## [What the task asks]
With the pictures removed, write out the full listing below exactly.

## [Data block]
········
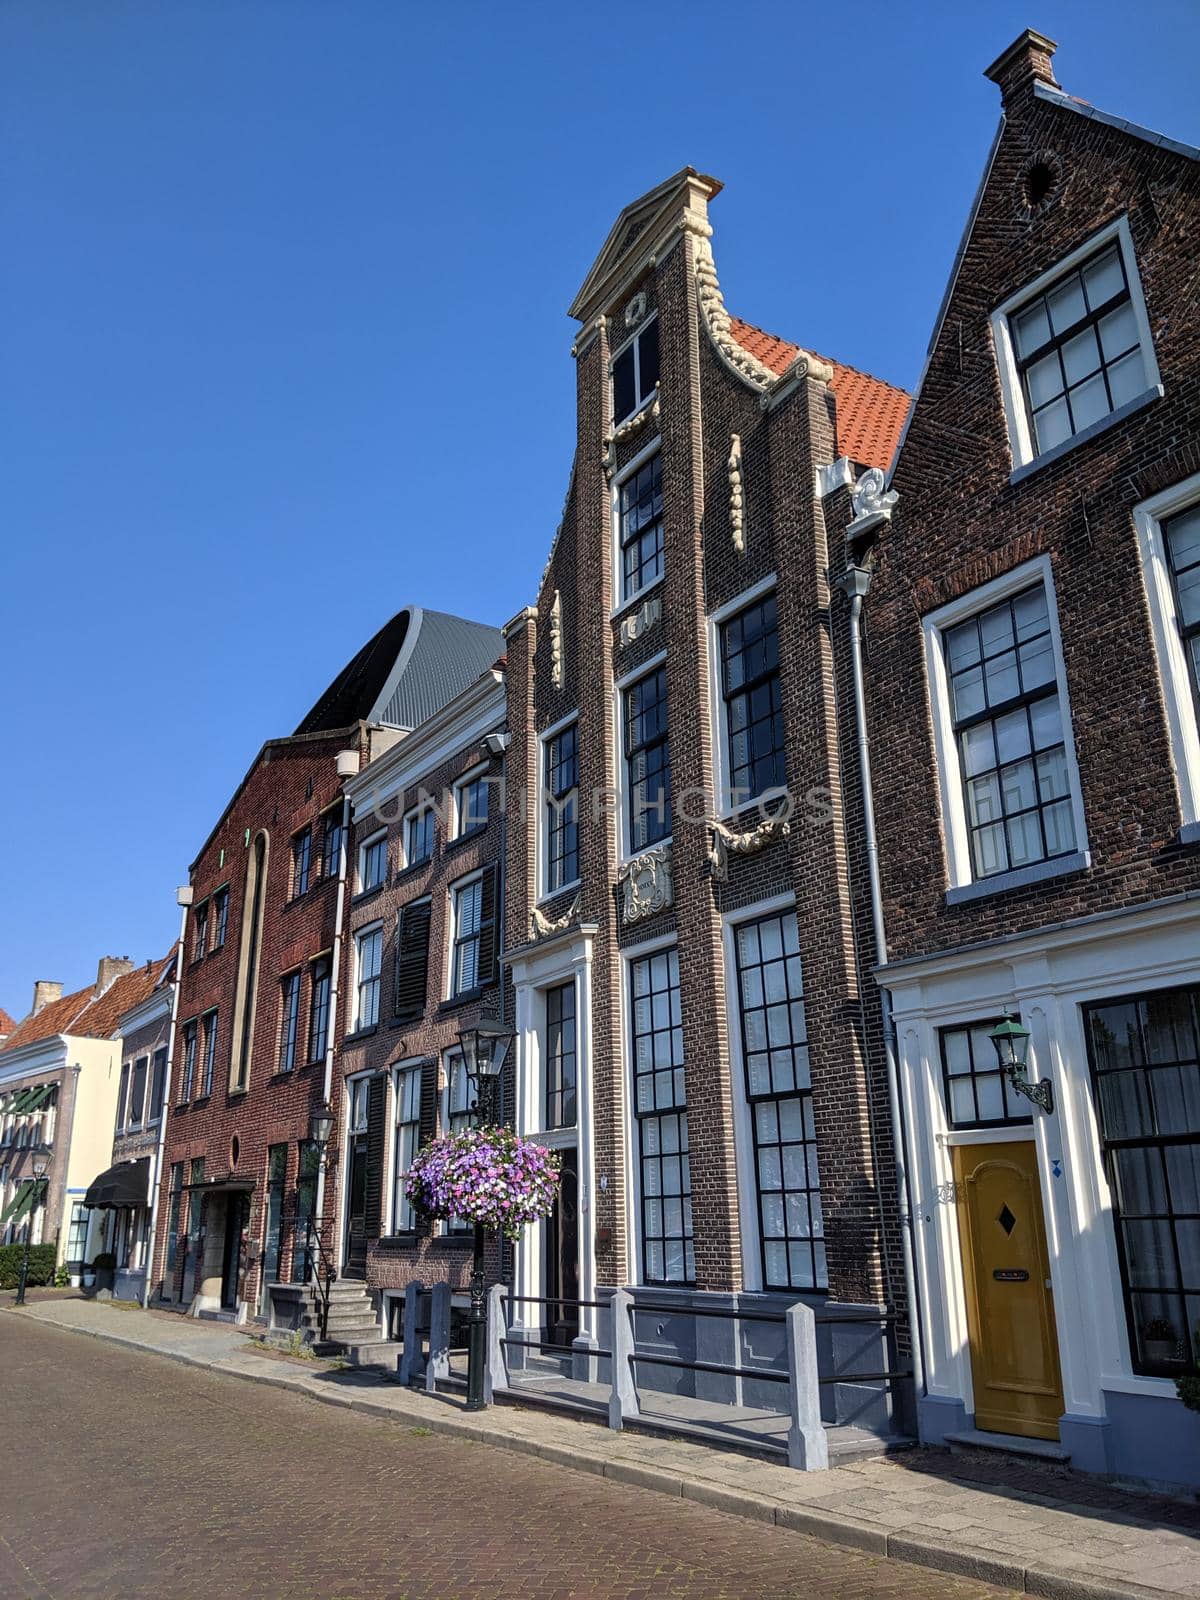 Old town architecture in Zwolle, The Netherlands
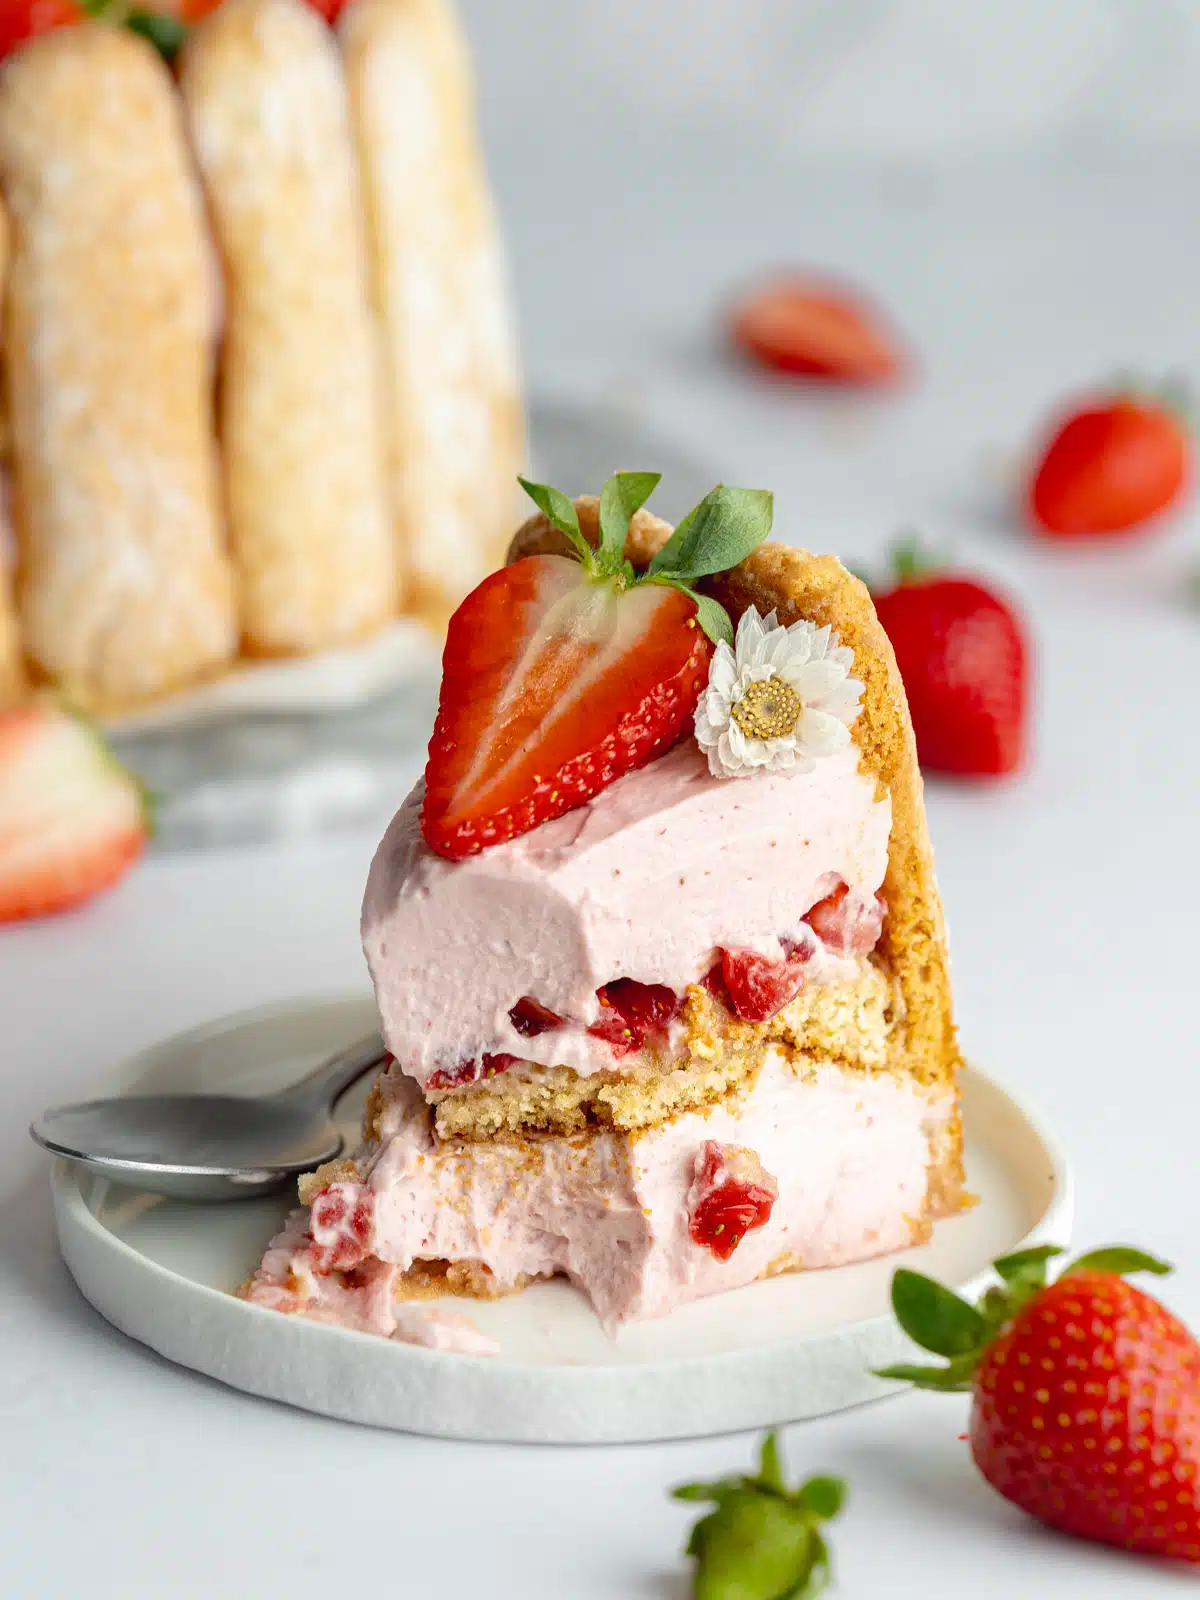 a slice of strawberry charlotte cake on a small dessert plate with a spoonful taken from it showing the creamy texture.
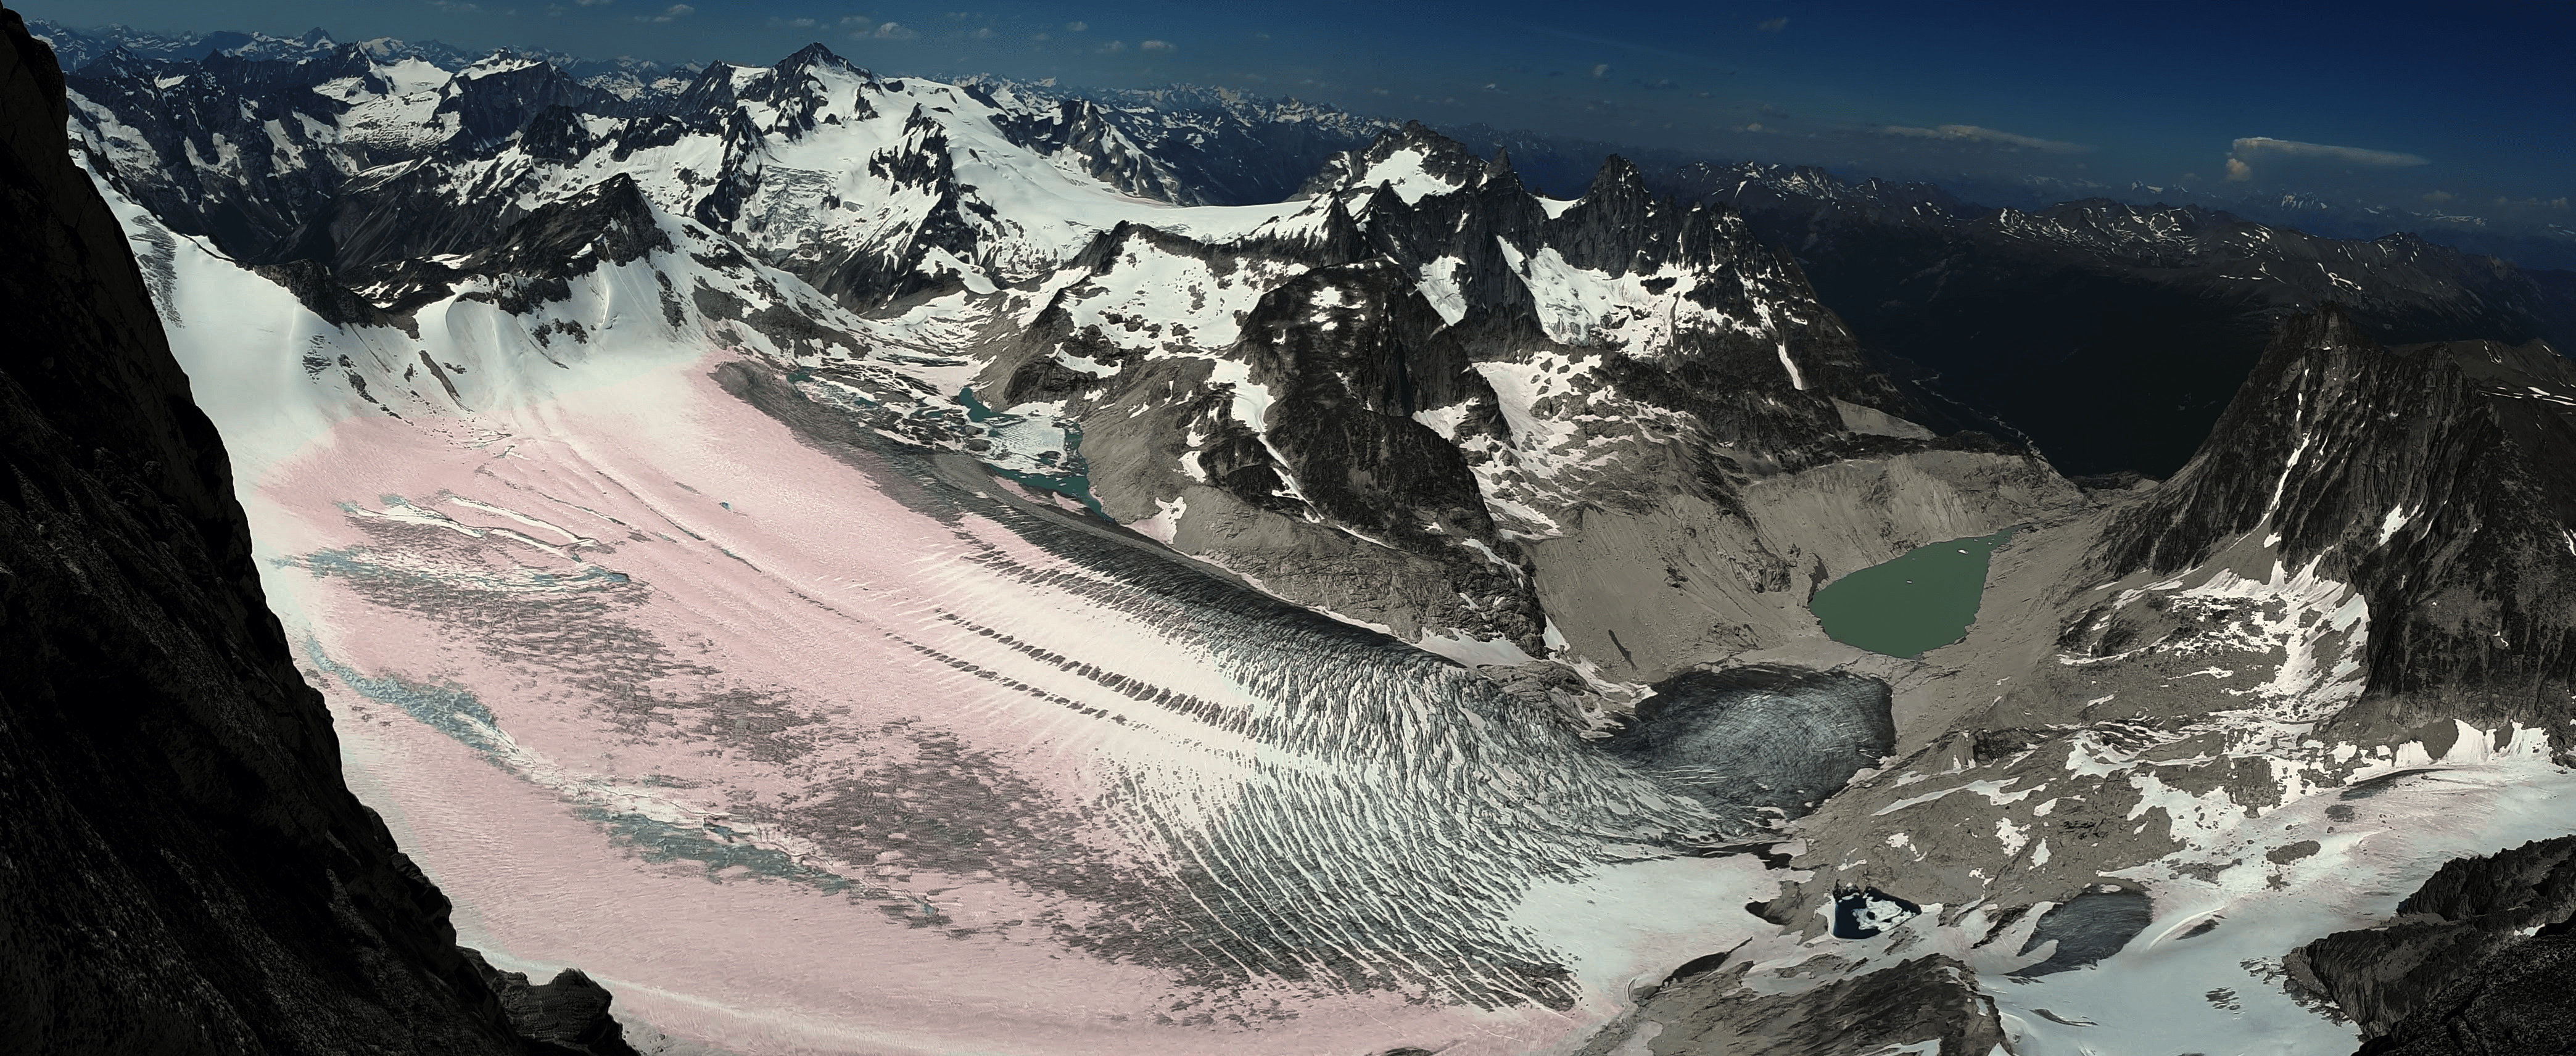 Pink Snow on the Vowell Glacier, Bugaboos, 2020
········
## [Solution to the exercise]
 Old town architecture in Zwolle, The Netherlands
 a slice of strawberry charlotte cake on a small dessert plate with a spoonful taken from it showing the creamy texture.
 Pink Snow on the Vowell Glacier, Bugaboos, 2020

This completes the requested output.